Abstract

12 Background: Palliative chemotherapy is used urgently in the hospital due to rapid disease progression, risk of toxicity, or other cancer-related acute medical diagnoses. Our primary objective was to characterize the utilization of urgent anticancer therapy (antiCT) in metastatic solid tumor patients. Secondary objectives were to compare time to next treatment (TTNT) and overall survival (OS) between those who received antiCT during urgent and elective admissions, and to further characterize if goals of care (GOC) or prognosis discussions were included in the decision process. Methods: This was a single-center observational cohort study of patients with advanced solid tumors treated with antiCT during urgent versus elective inpatient admissions at Huntsman Cancer Institute from June 1, 2014 to June 30, 2016. Line of therapy, ICU utilization, readmission rate, palliative care (PC) consultation, and documentation of GOC and prognosis discussions were evaluated for patients who received urgent antiCT. Results: 265 patients were included. The majority were treated during urgent admissions (63.7%). Patients receiving urgent antiCT were older (57.6 ± 14.2 vs 54.9 ± 14.9 years, p < 0.001) with more advanced cancer at diagnosis (56.8% vs 37.5%, p = 0.009). Urgent antiCT was associated with both decreased median TTNT (3.5 vs 15.7 months; p < 0.001) and median OS (4.7 vs 31.4 months; p < 0.001) as compared to elective antiCT. Of those who received urgent antiCT, 47.9% were started on a new antiCT during admission. First-line therapy accounted for 58% of urgent antiCT, and 27.2% was third-line or higher.
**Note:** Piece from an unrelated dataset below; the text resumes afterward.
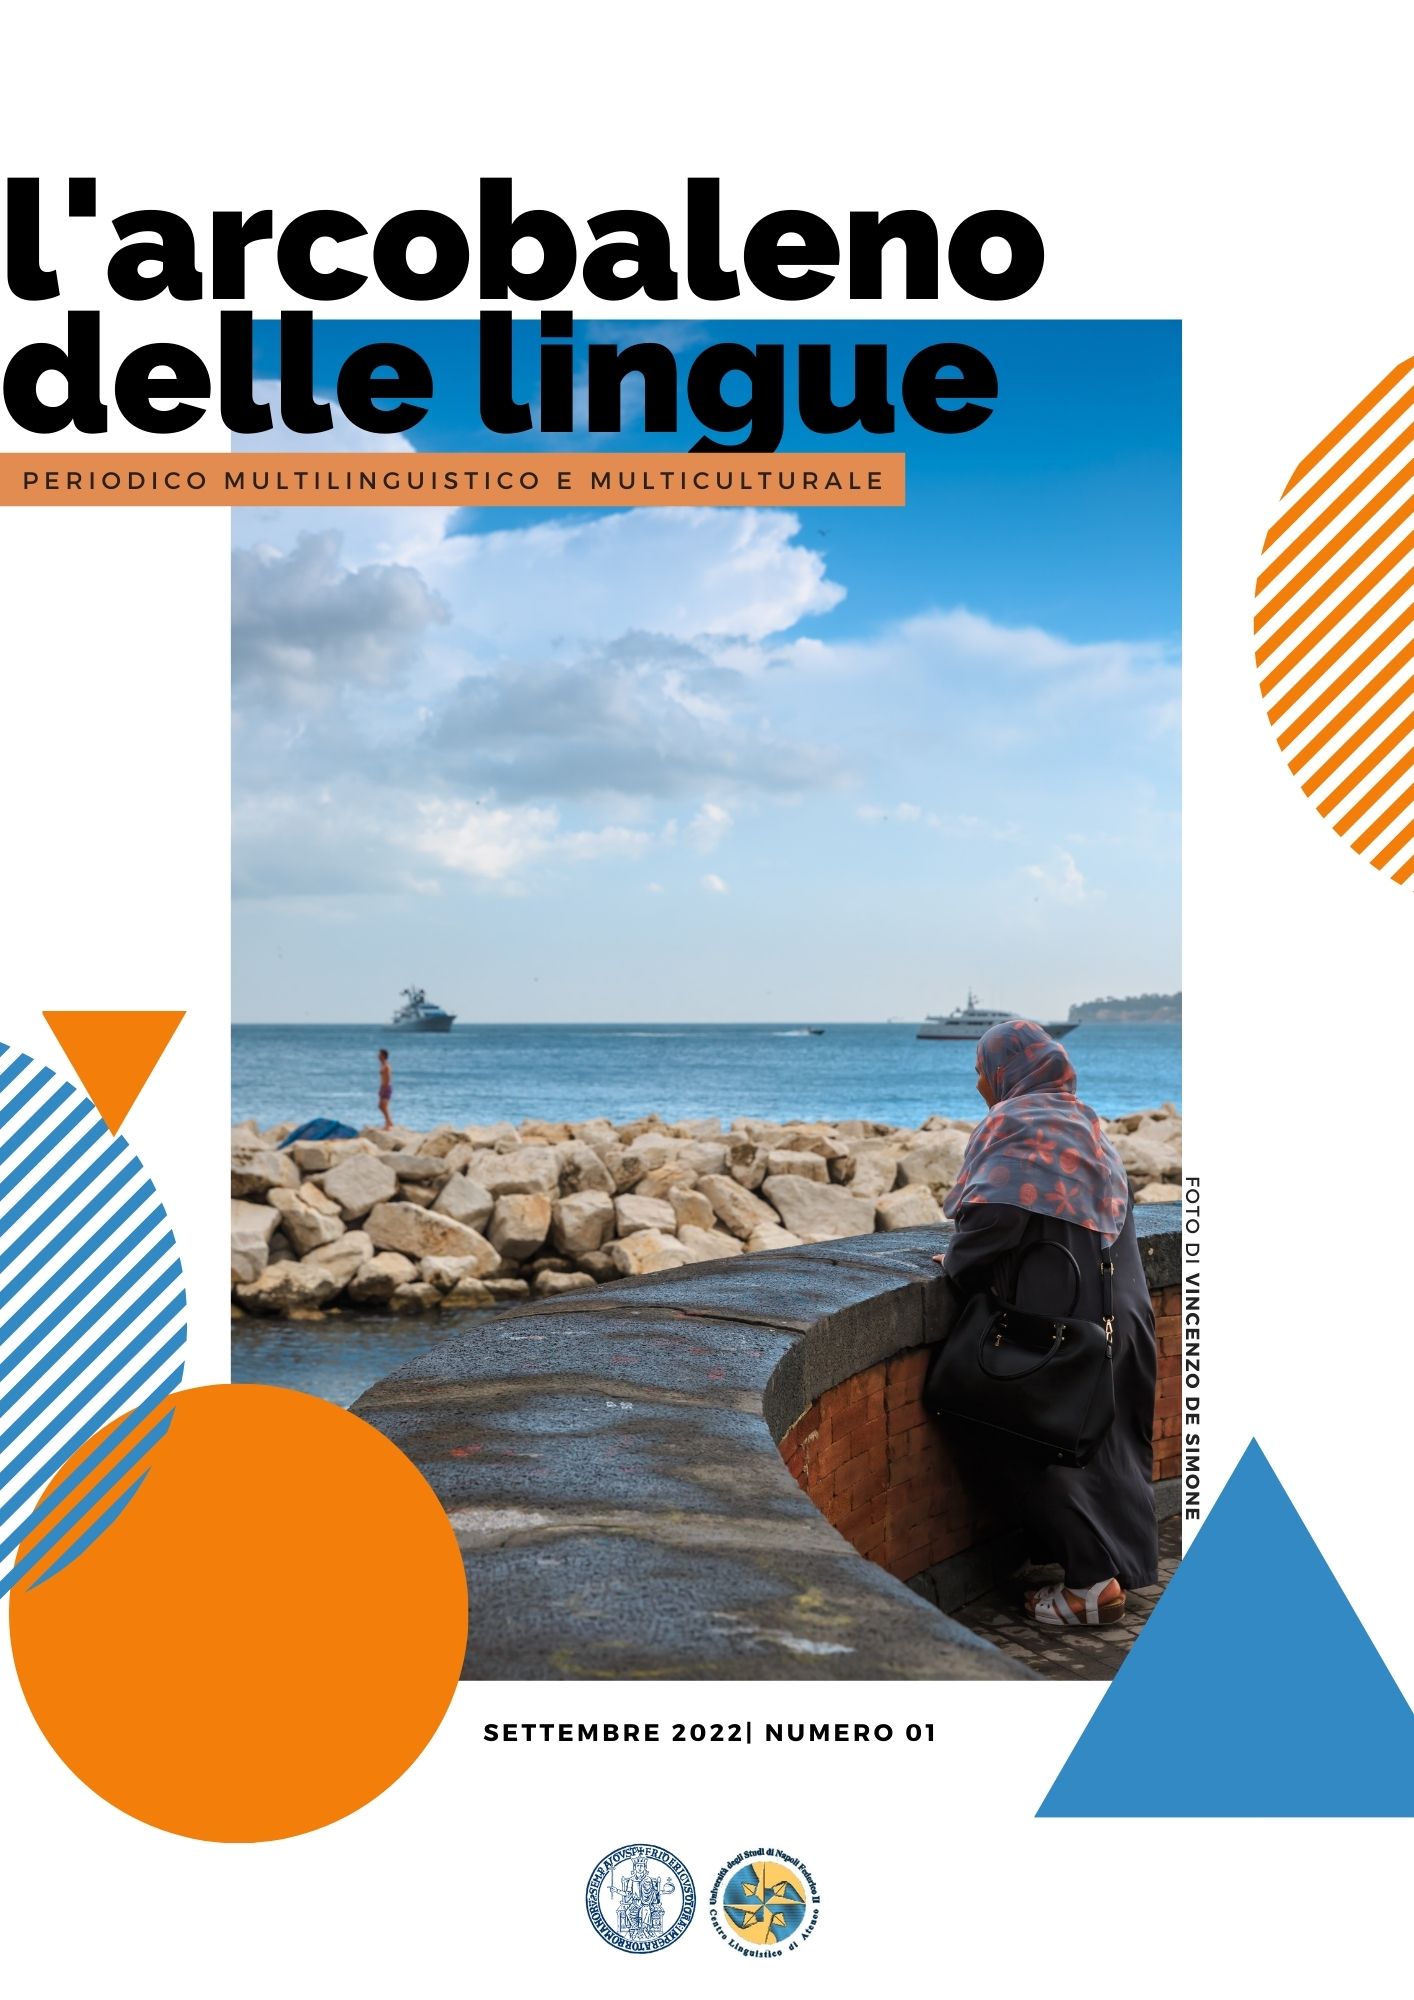 Immagine relativa al contenuto Nasce il Magazine ‘L'arcobaleno delle lingue' del Centro Linguistico d'Ateneo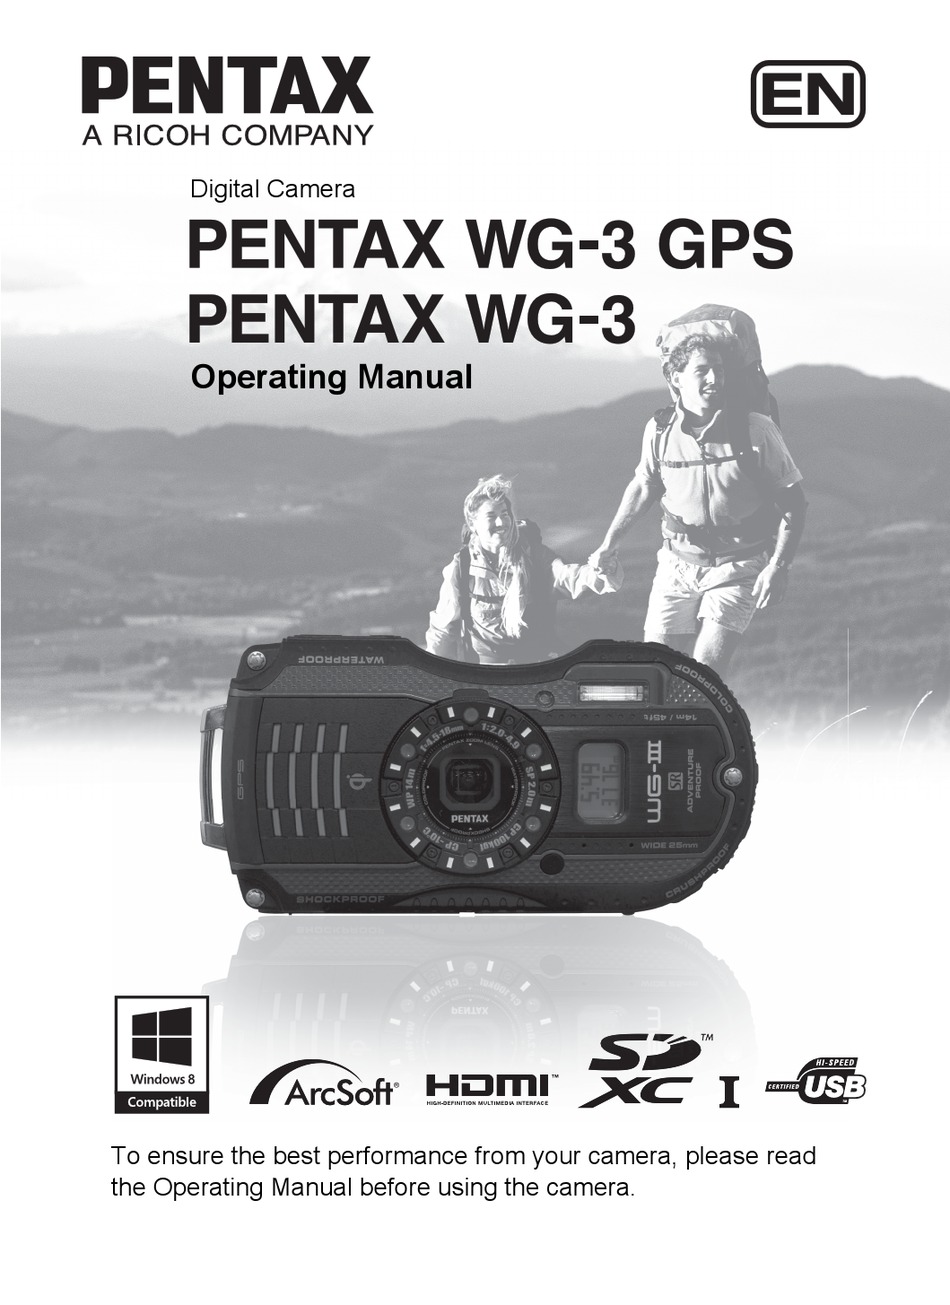 PENTAX WG-3 GPS OPERATING MANUAL Pdf Download | ManualsLib

ICU care was utilized for 20.7% of these patients, and 23.1% were readmitted ≤30 days after discharge. PC was consulted for 37.9% during admission. Less than half (41.4%) had a documented GOC discussion; only 32.5% had a documented prognosis discussion. Conclusions: Urgent inpatient antiCT is associated with suboptimal advance care planning despite high risk of mortality in the 5 months following admission. Efforts to identify predictors of early mortality after urgent antiCT and incorporate earlier GOC and prognosis discussions are warranted.